> [Work request]
First find the line with "Handcrafted Organic Water", then reproduce it and all following lines of the data to the end, exactly and with no pictures, adding nothing.

> [Data block]
○ ○ ○ ○ ○ ○ ○

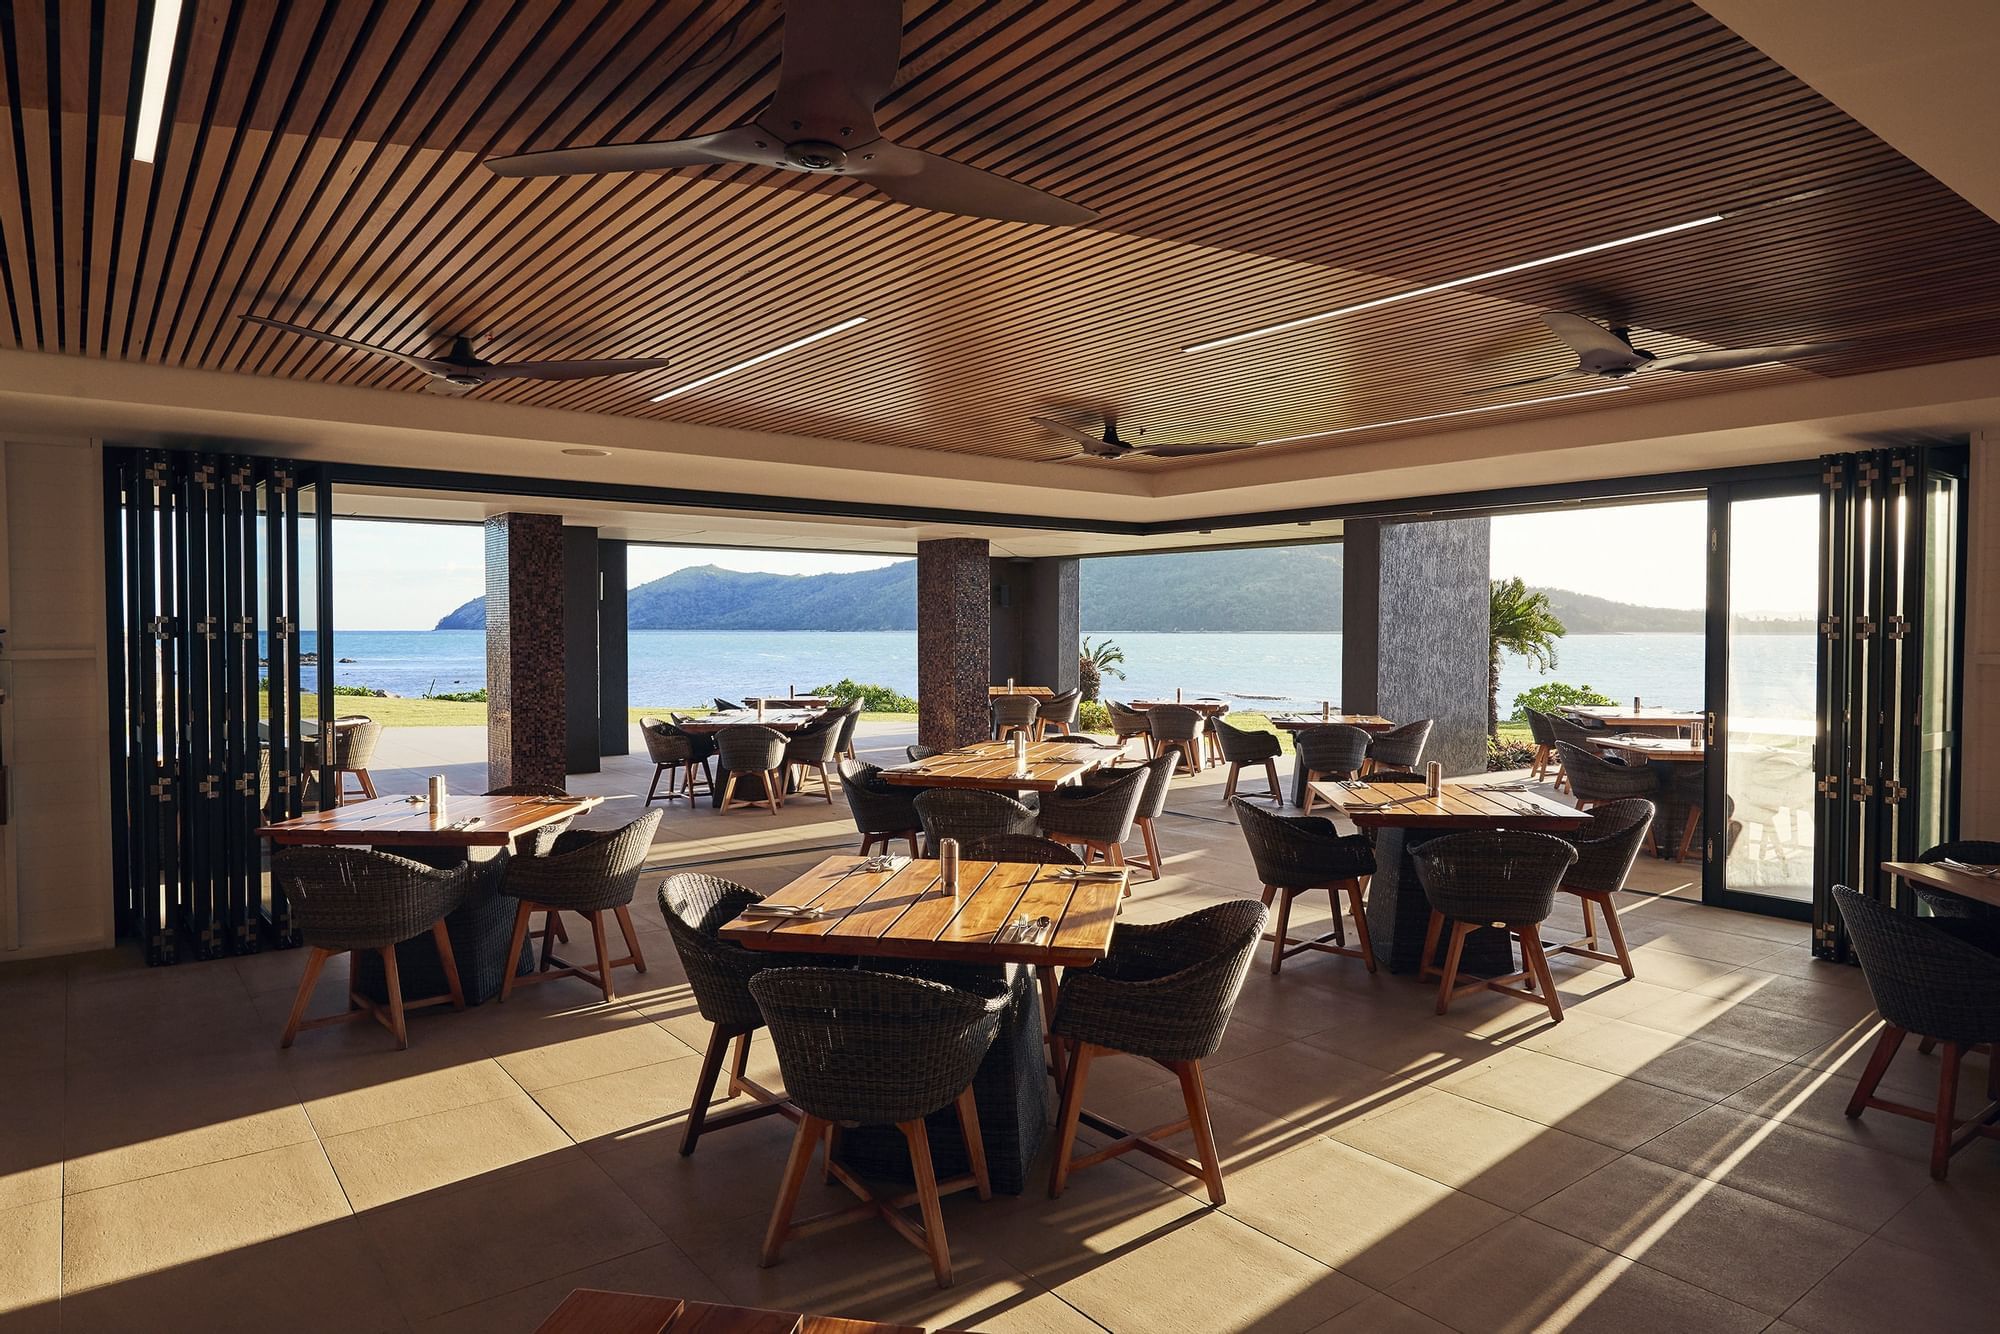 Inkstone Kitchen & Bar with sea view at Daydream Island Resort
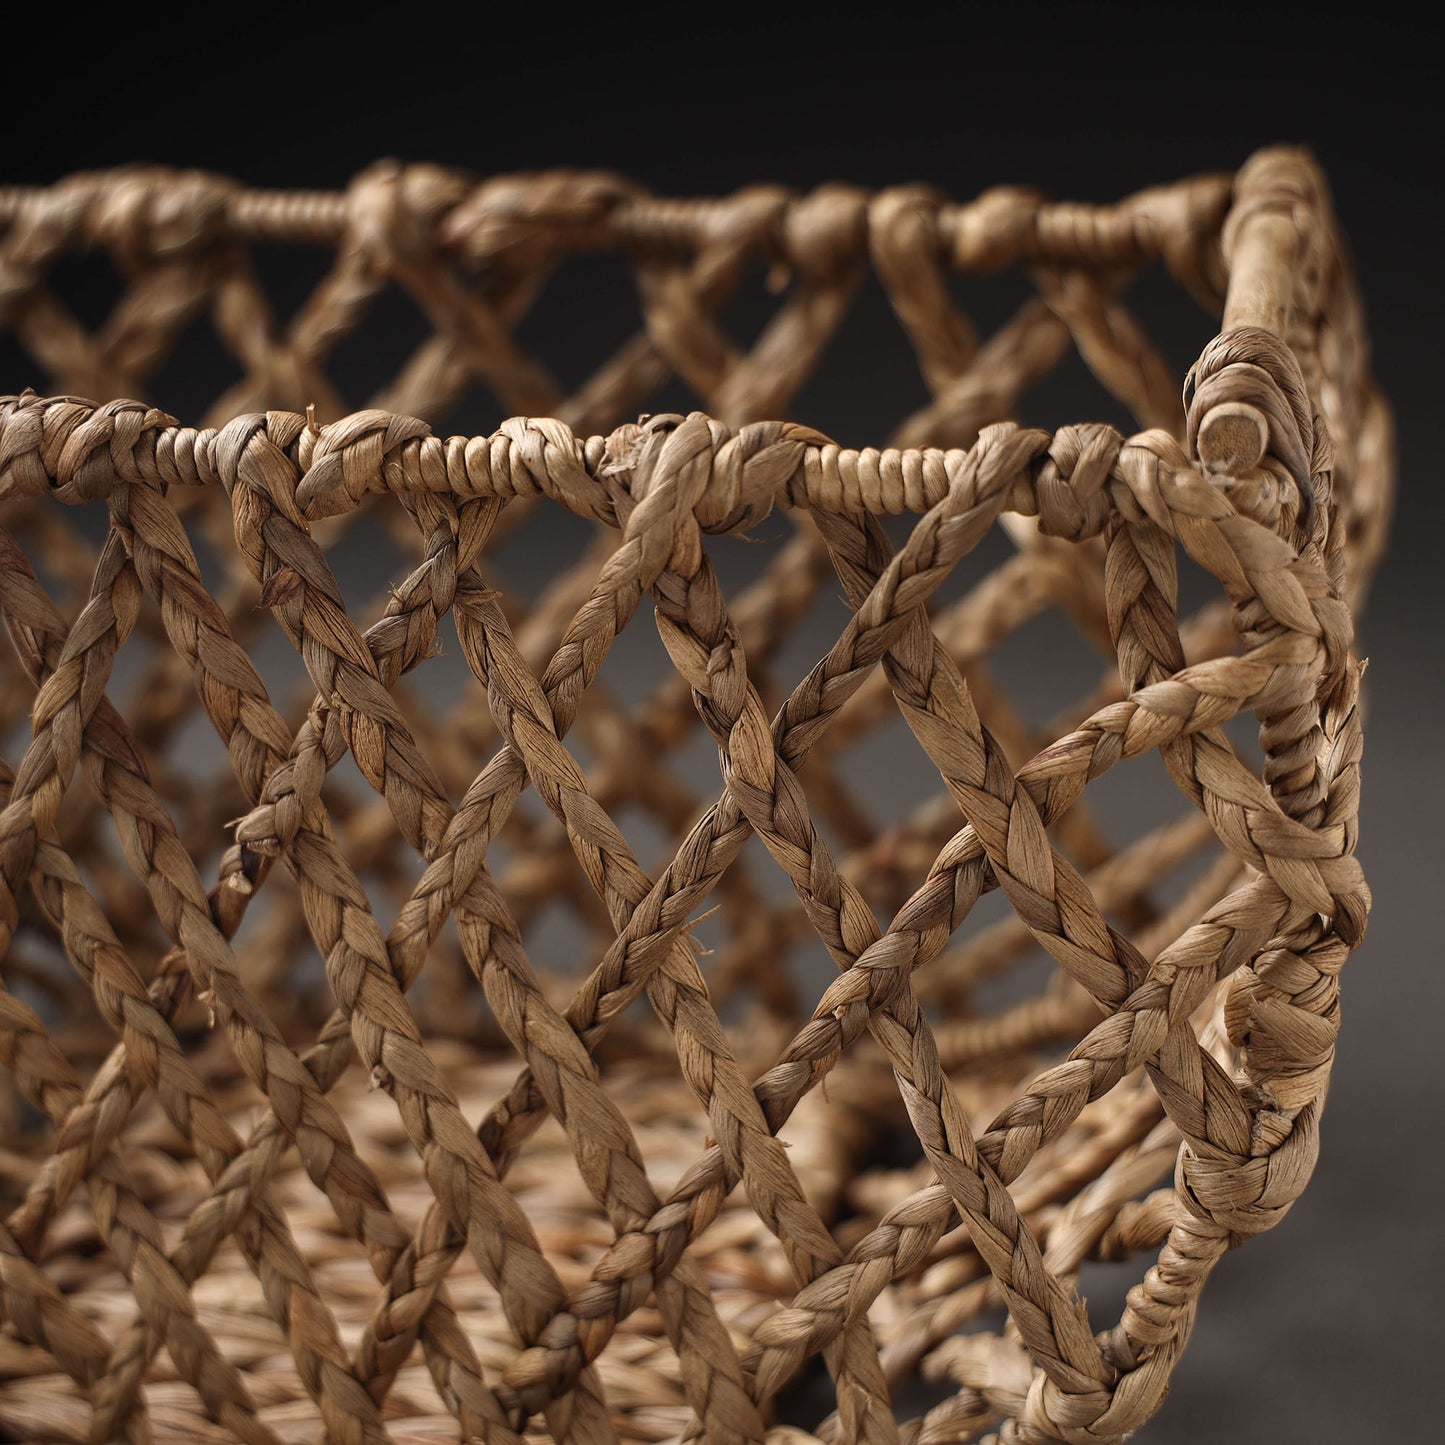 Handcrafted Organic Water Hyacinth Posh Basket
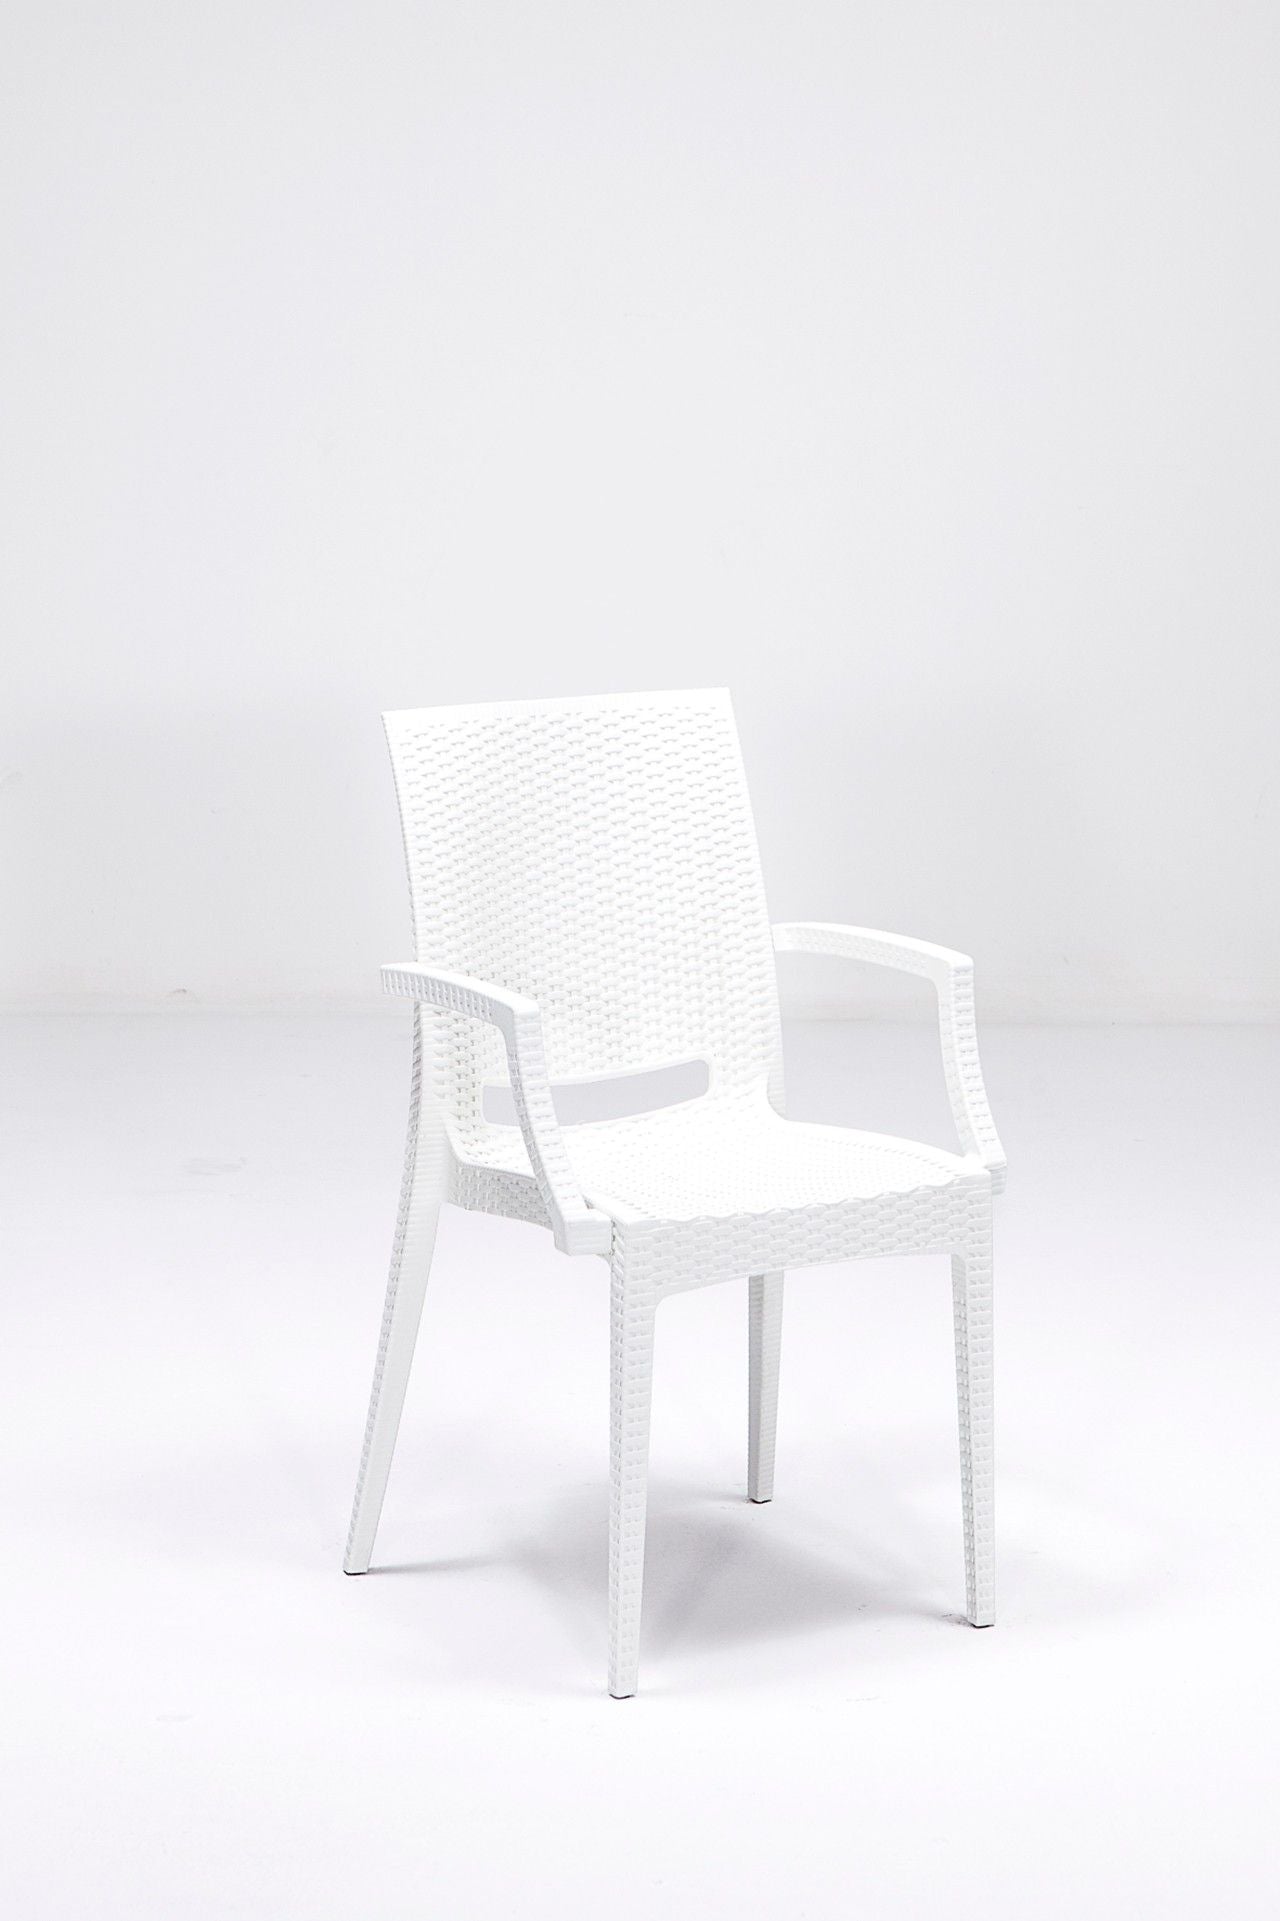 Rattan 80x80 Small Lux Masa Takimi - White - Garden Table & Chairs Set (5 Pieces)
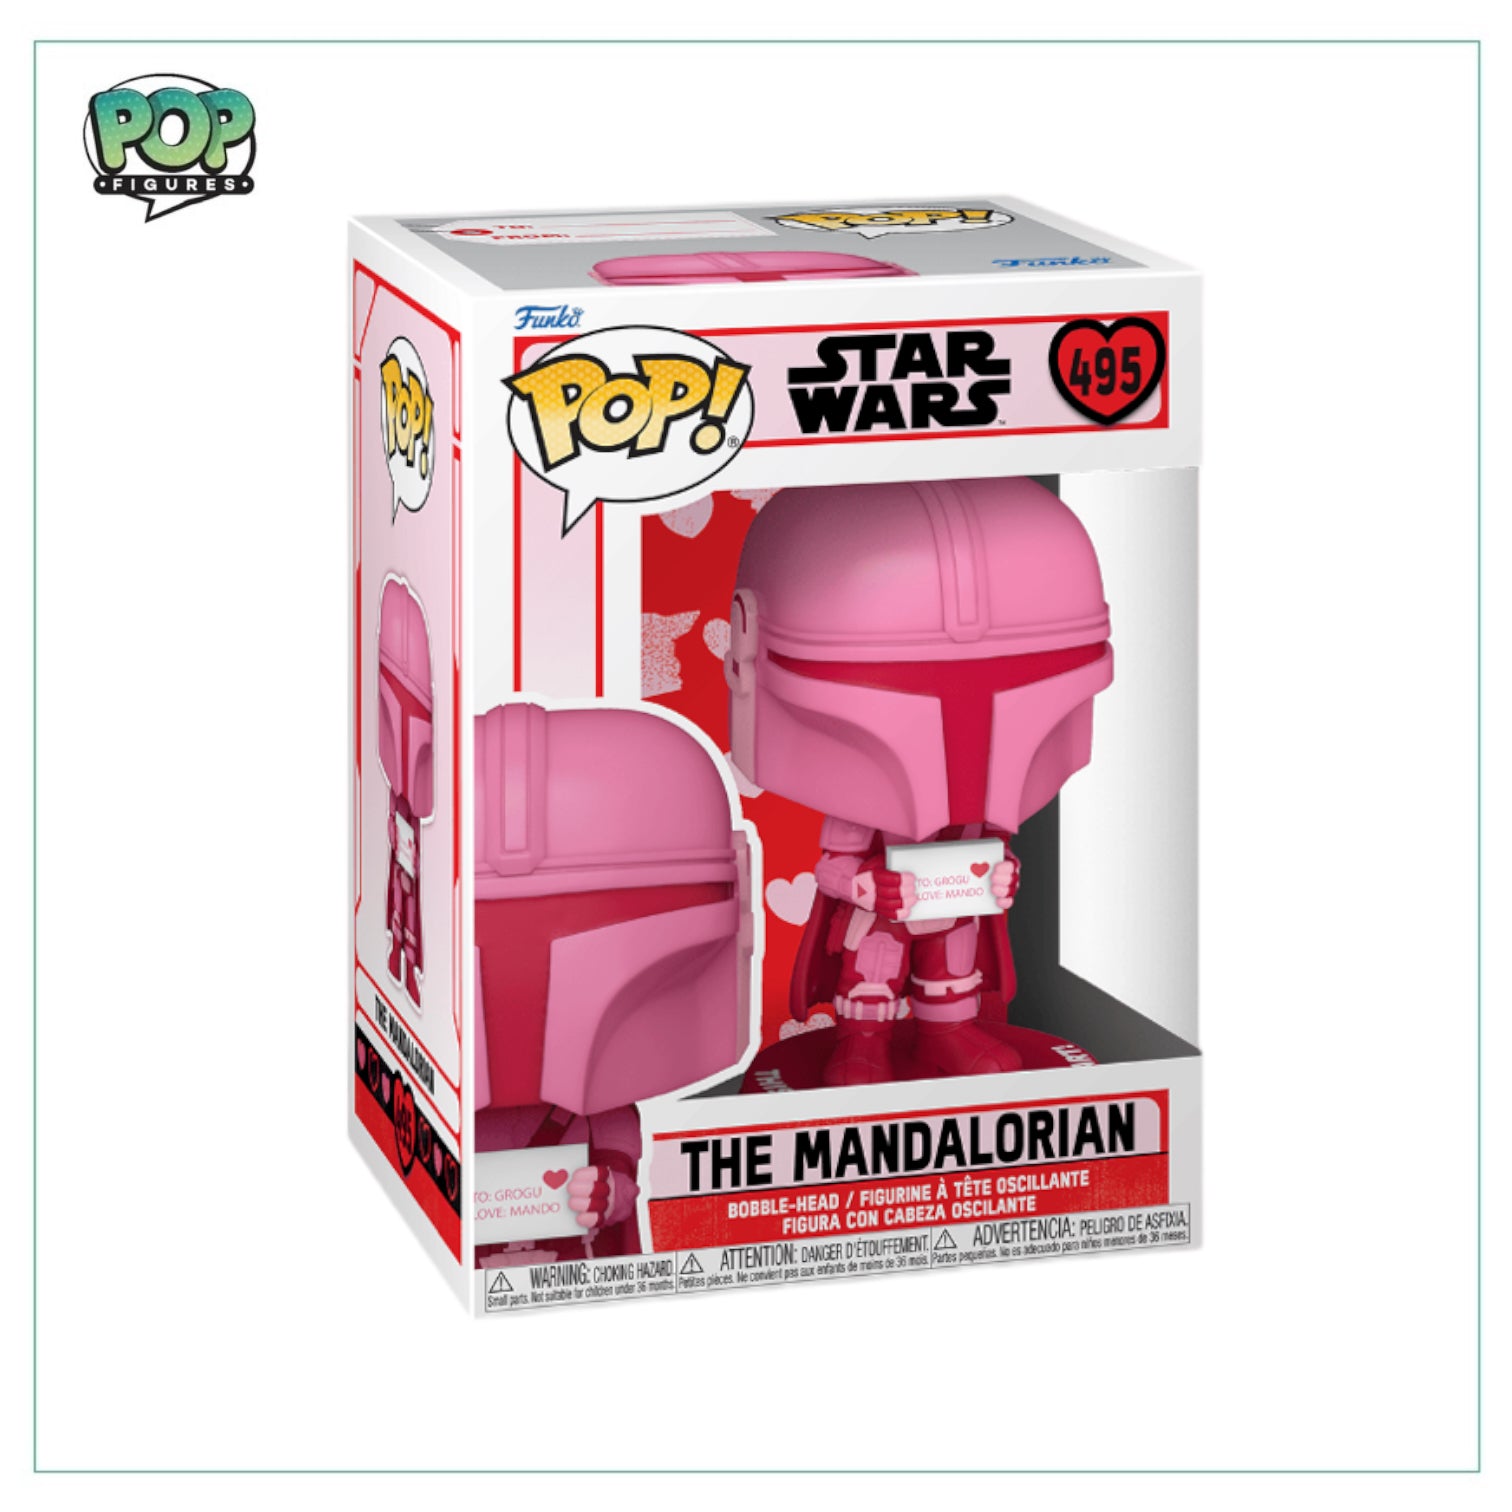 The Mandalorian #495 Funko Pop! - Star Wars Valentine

○ ○ ○ ○ ○ ○ ○

> [Output below]
 Handcrafted Organic Water Hyacinth Posh Basket
 Rattan 80x80 Small Lux Masa Takimi - White - Garden Table & Chairs Set (5 Pieces)
 The Mandalorian #495 Funko Pop! - Star Wars Valentine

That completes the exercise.